▸ Exercise
Exactly the lines from the one containing "Hawk Pro 1 Meter DLG" through the one containing "南门网 广告 海报 地产 小满 二十四节气 芒种 麦穗 稻田 梯田 农作 自然" in the listing below are to be copied, with the pictures left out.

▸ Available data

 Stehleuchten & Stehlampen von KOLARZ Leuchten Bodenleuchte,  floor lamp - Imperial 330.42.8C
* * *
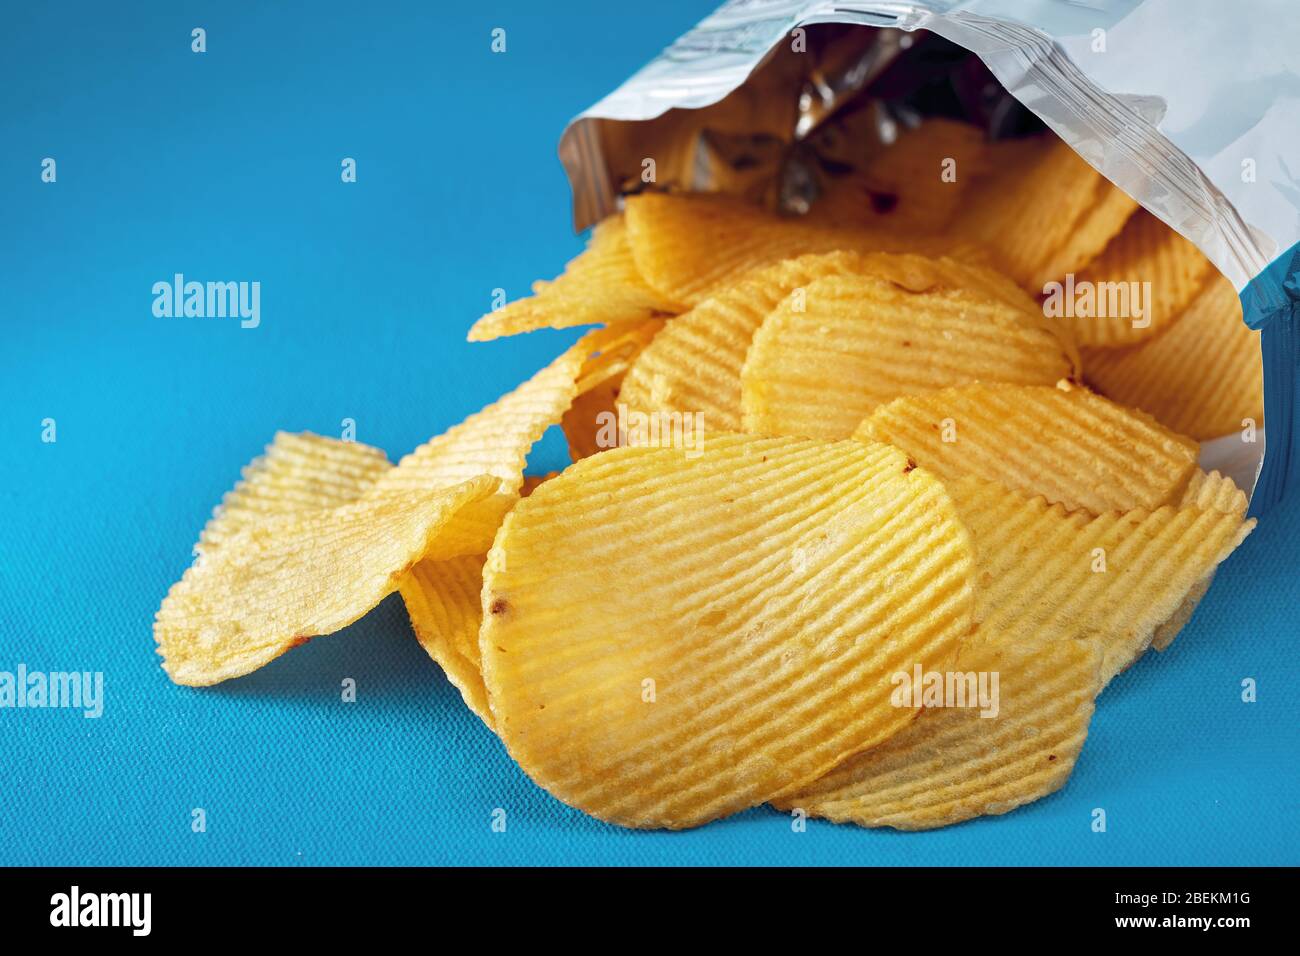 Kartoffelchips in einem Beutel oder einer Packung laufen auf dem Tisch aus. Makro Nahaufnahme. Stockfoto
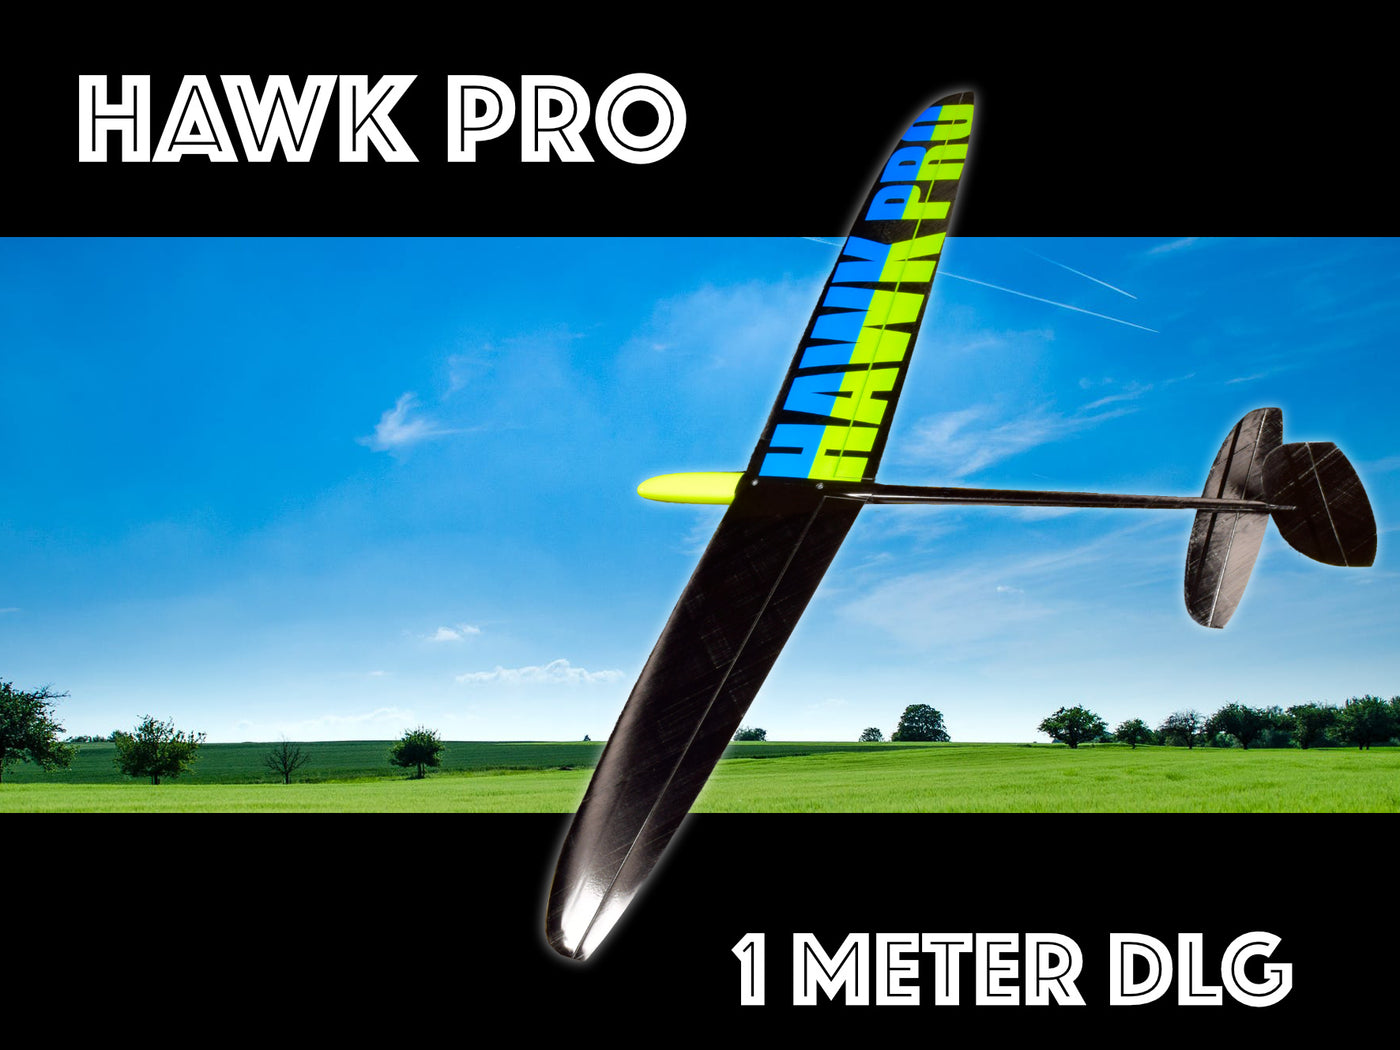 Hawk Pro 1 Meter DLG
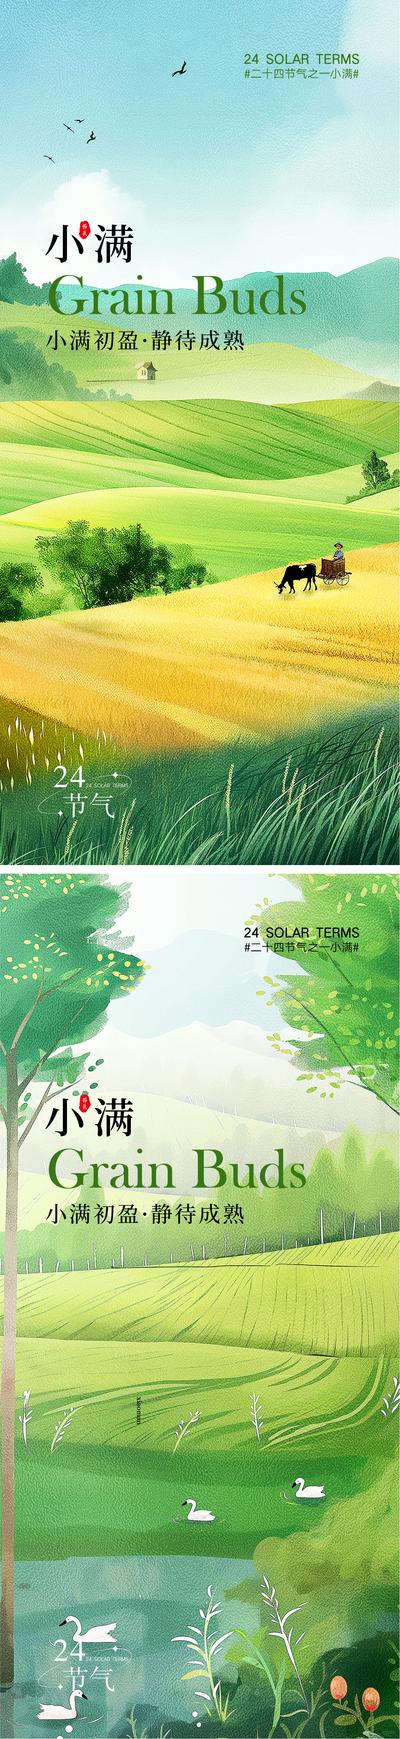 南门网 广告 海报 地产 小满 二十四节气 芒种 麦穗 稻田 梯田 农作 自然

▸ Task solution
 Hawk Pro 1 Meter DLG
 南门网 广告 海报 地产 小满 二十四节气 芒种 麦穗 稻田 梯田 农作 自然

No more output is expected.